(EXERCISE DATA)
*** Begin section ***
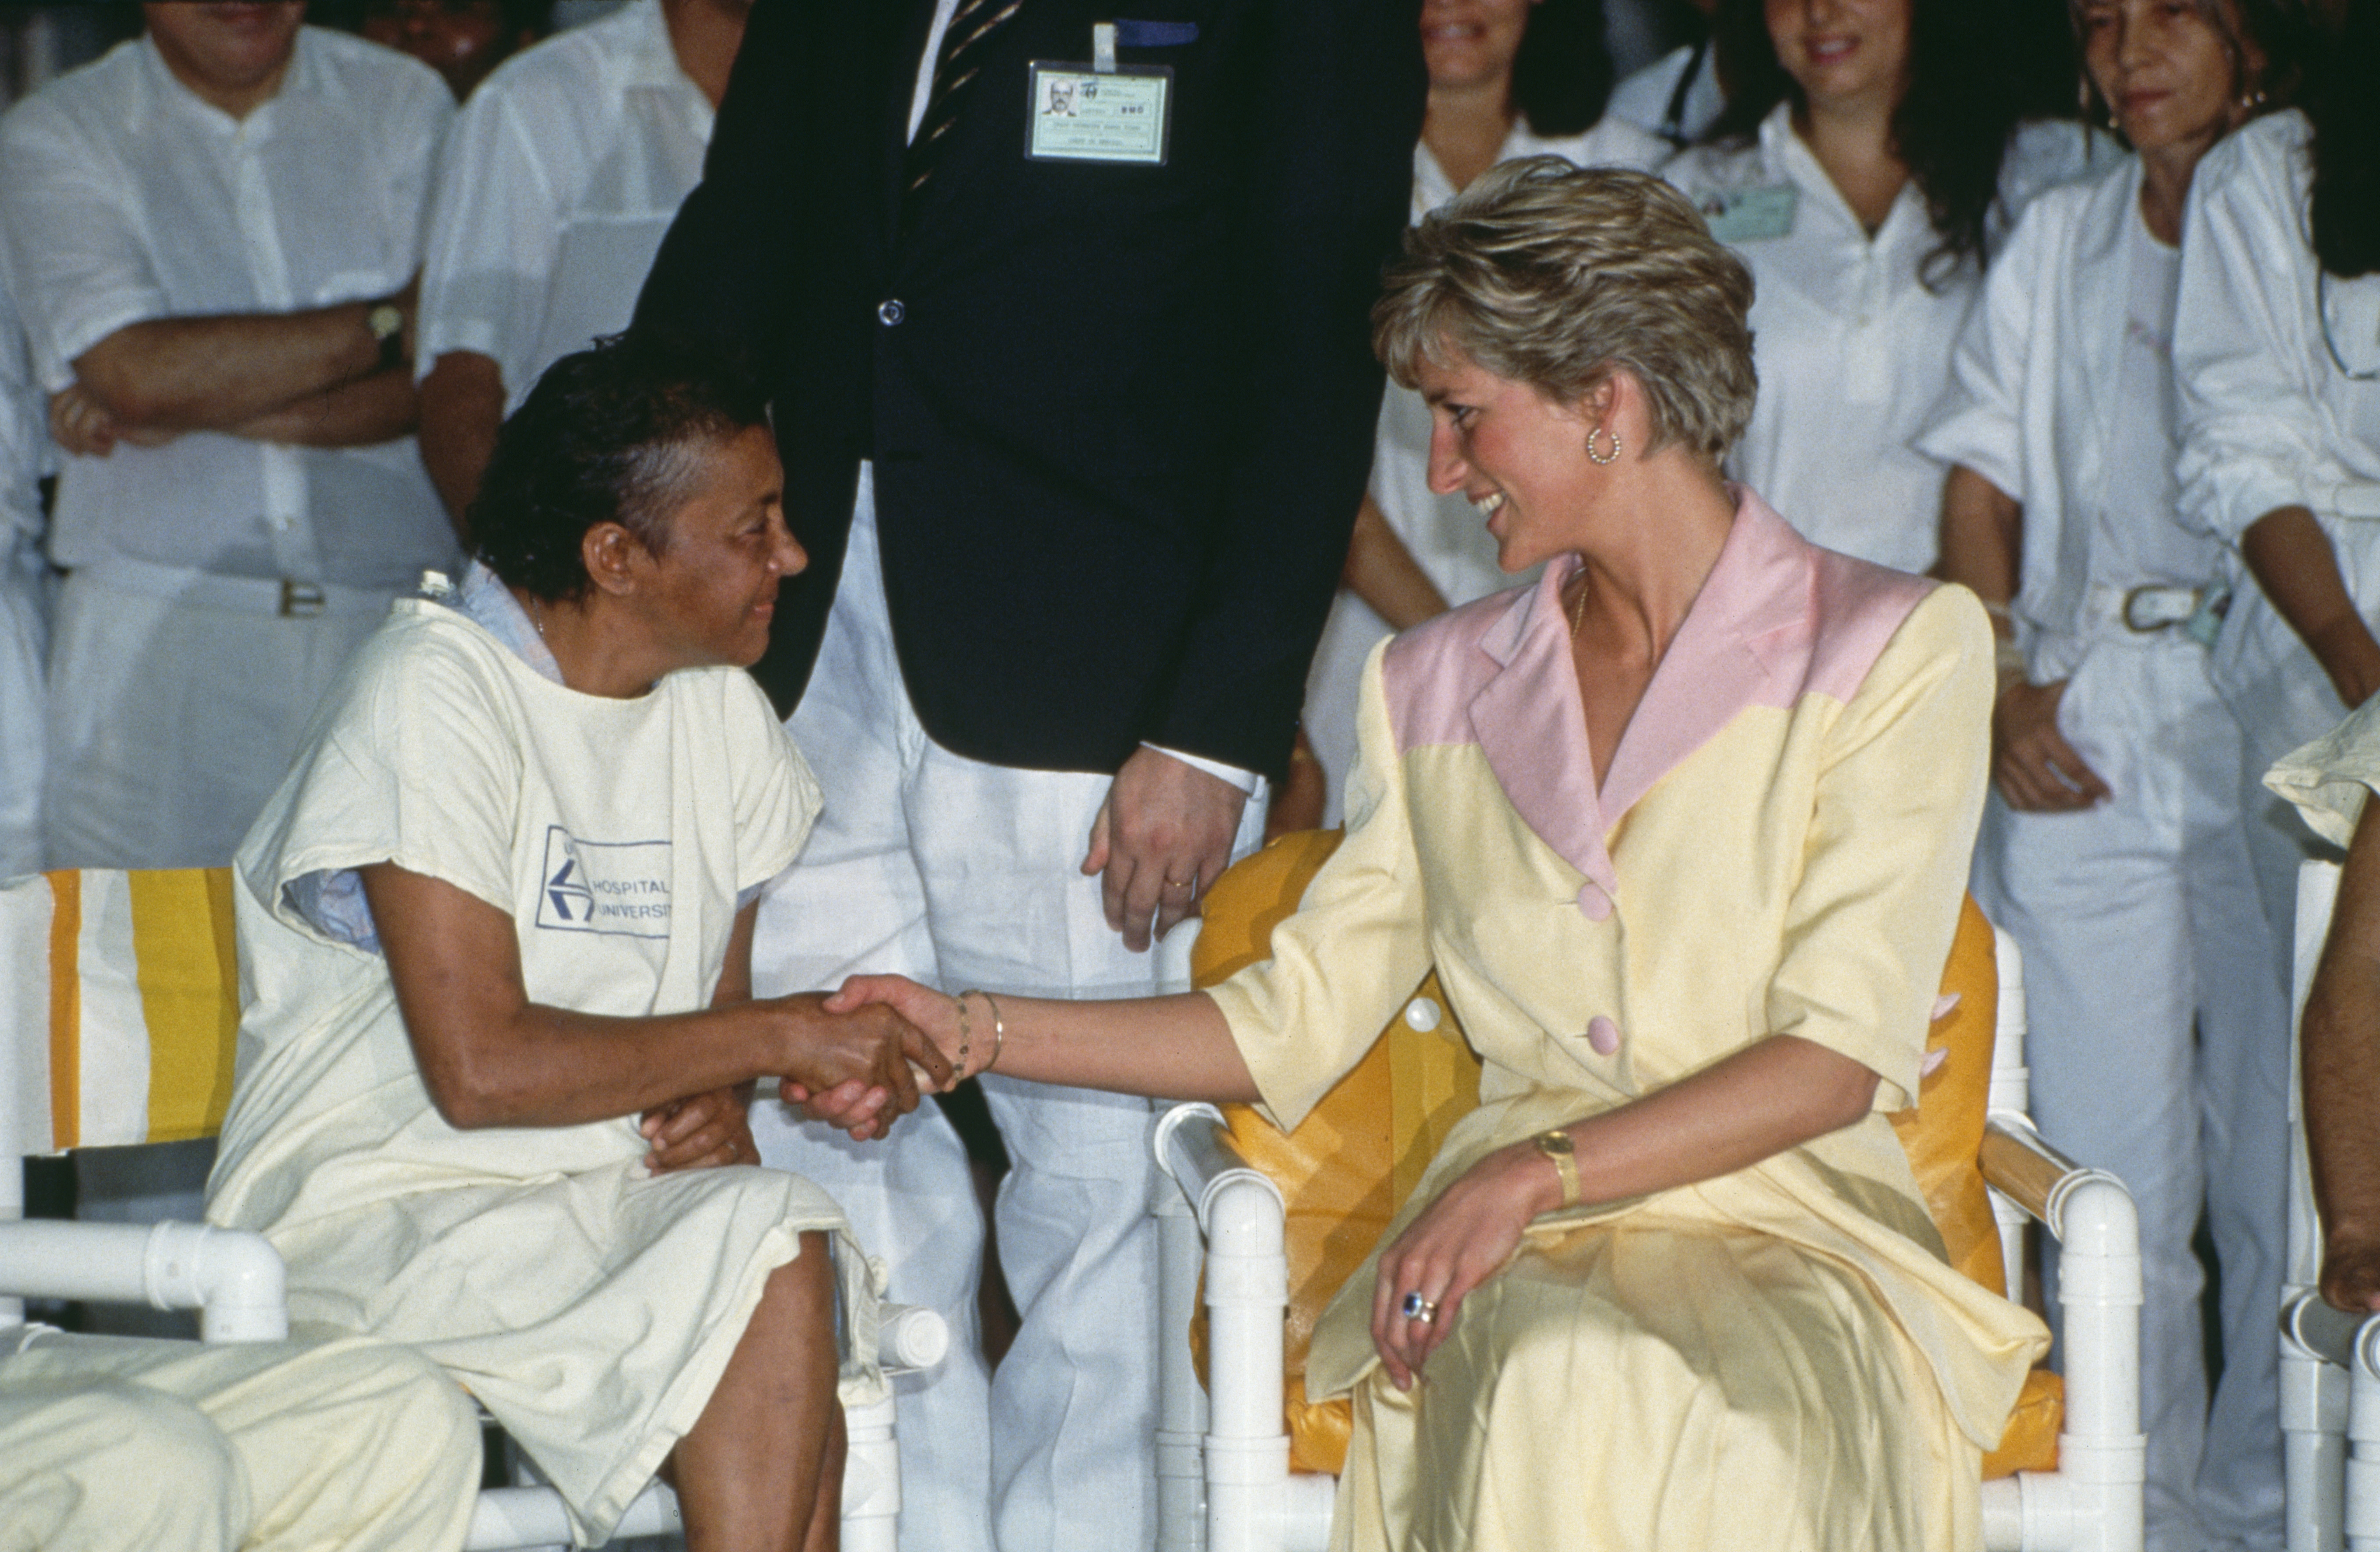 Princess Diana visiting patients suffering from AIDS at the Hospital Universidade in Rio de Janeiro, Brazil, 25th April 1991 | Source: Getty Images
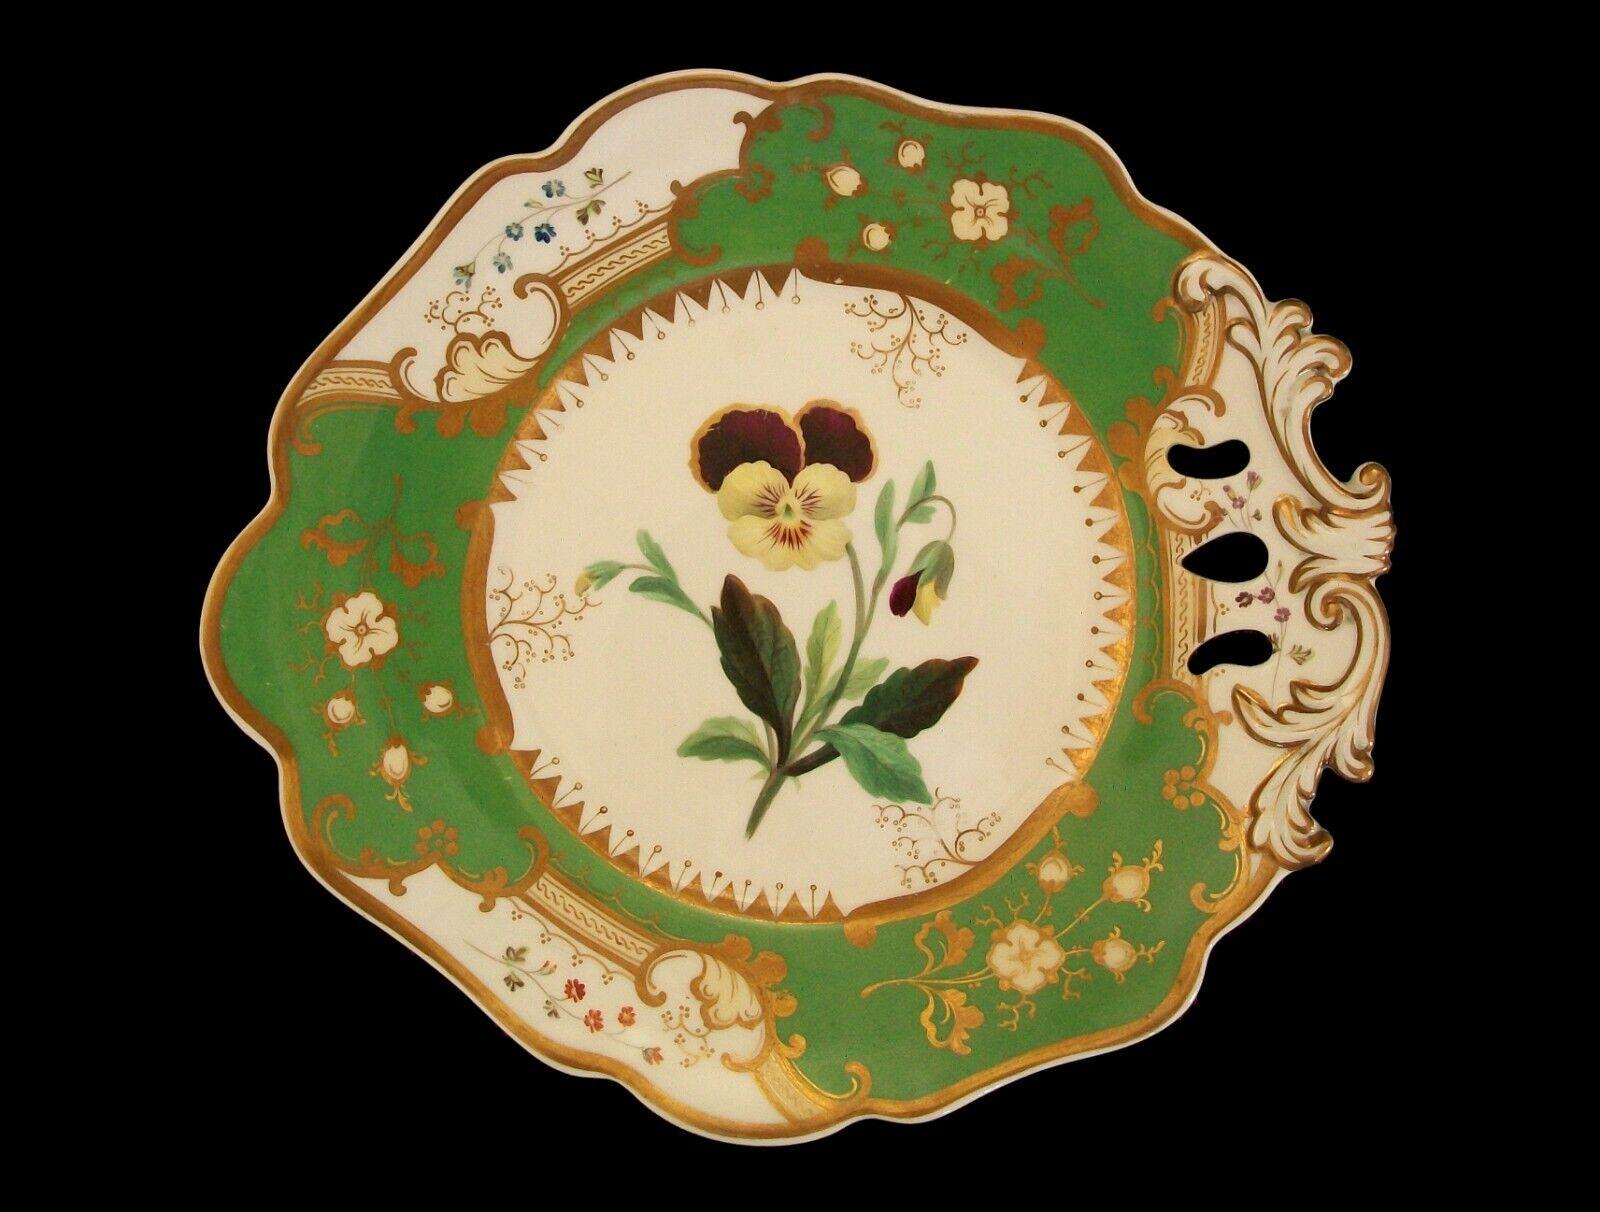 Coalport (Attributed) - 'Pansy' - Antique ceramic single handled botanical serving platter with apple green borders and gilded decoration - featuring a hand painted floral specimen to the center - pattern number to the back - unsigned - United
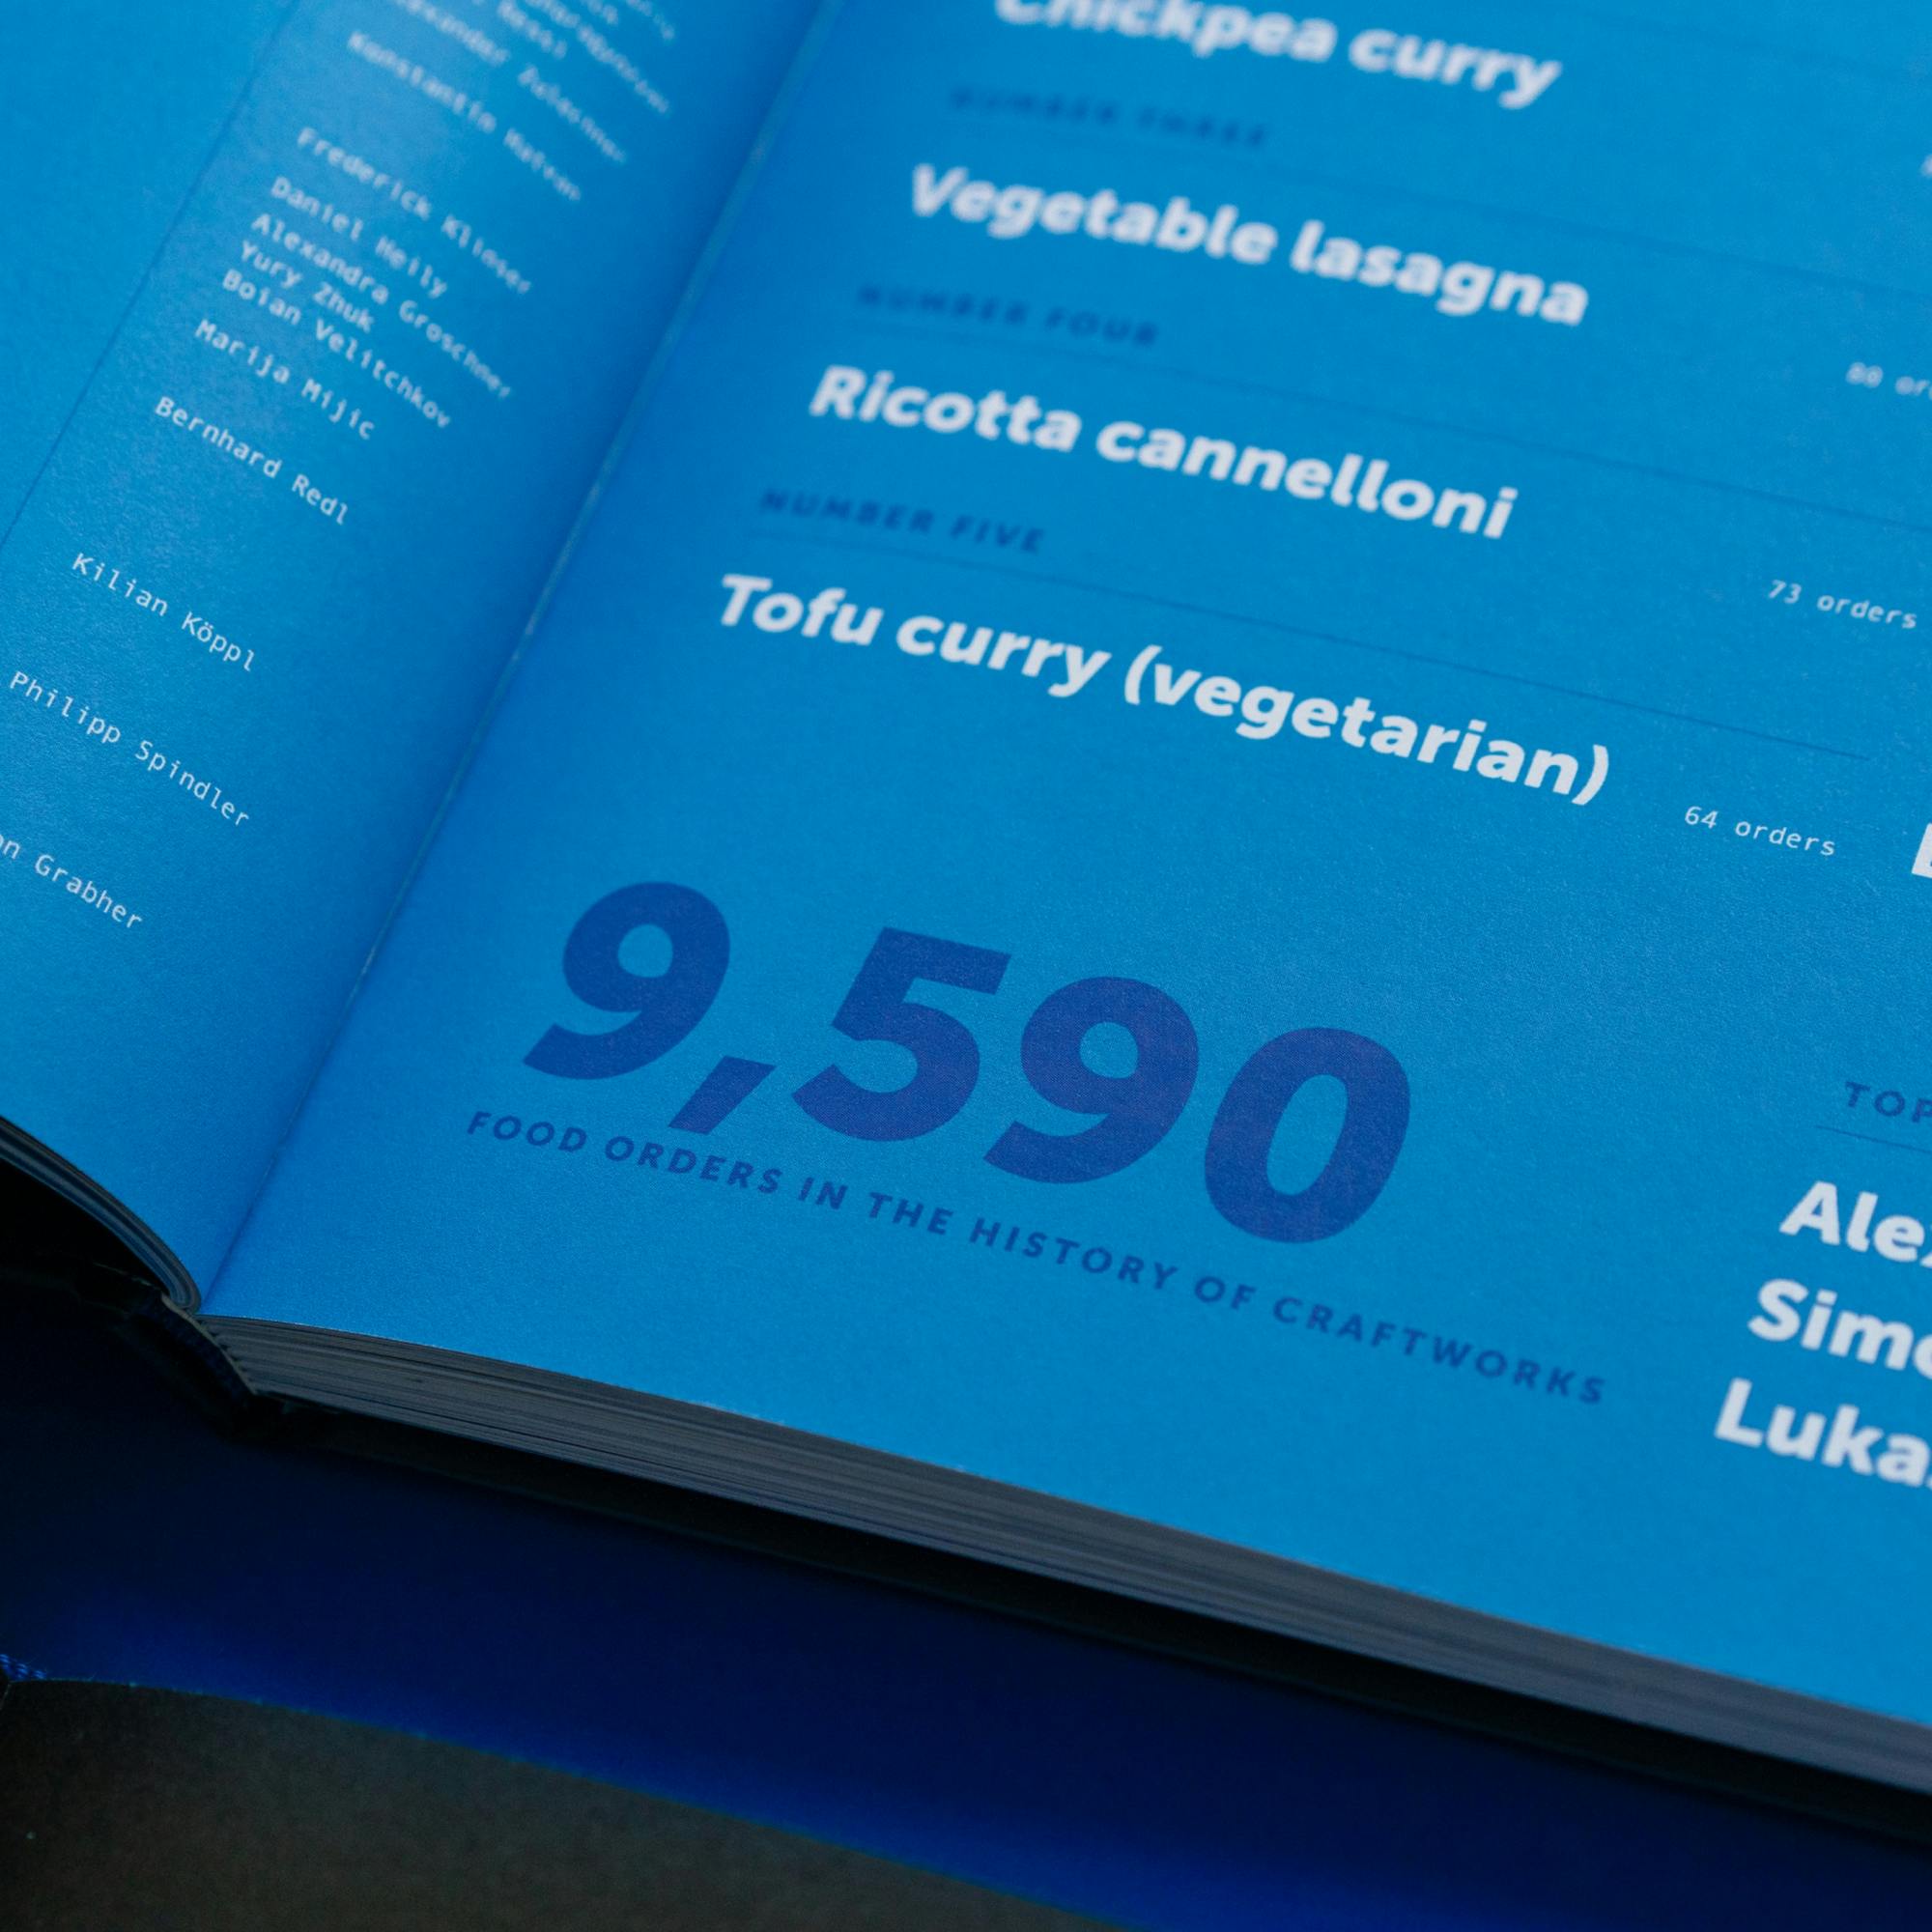 Detailaufnahme: Total Food Orders in the History of craftworks, 9.590 © goodmatters
*** End section ***
Top to bottom, retype the listing exactly but drop every picture.

 Princess Diana visiting patients suffering from AIDS at the Hospital Universidade in Rio de Janeiro, Brazil, 25th April 1991 | Source: Getty Images
 Coalport (Attributed) - 'Pansy' - Antique ceramic single handled botanical serving platter with apple green borders and gilded decoration - featuring a hand painted floral specimen to the center - pattern number to the back - unsigned - United
 Detailaufnahme: Total Food Orders in the History of craftworks, 9.590 © goodmatters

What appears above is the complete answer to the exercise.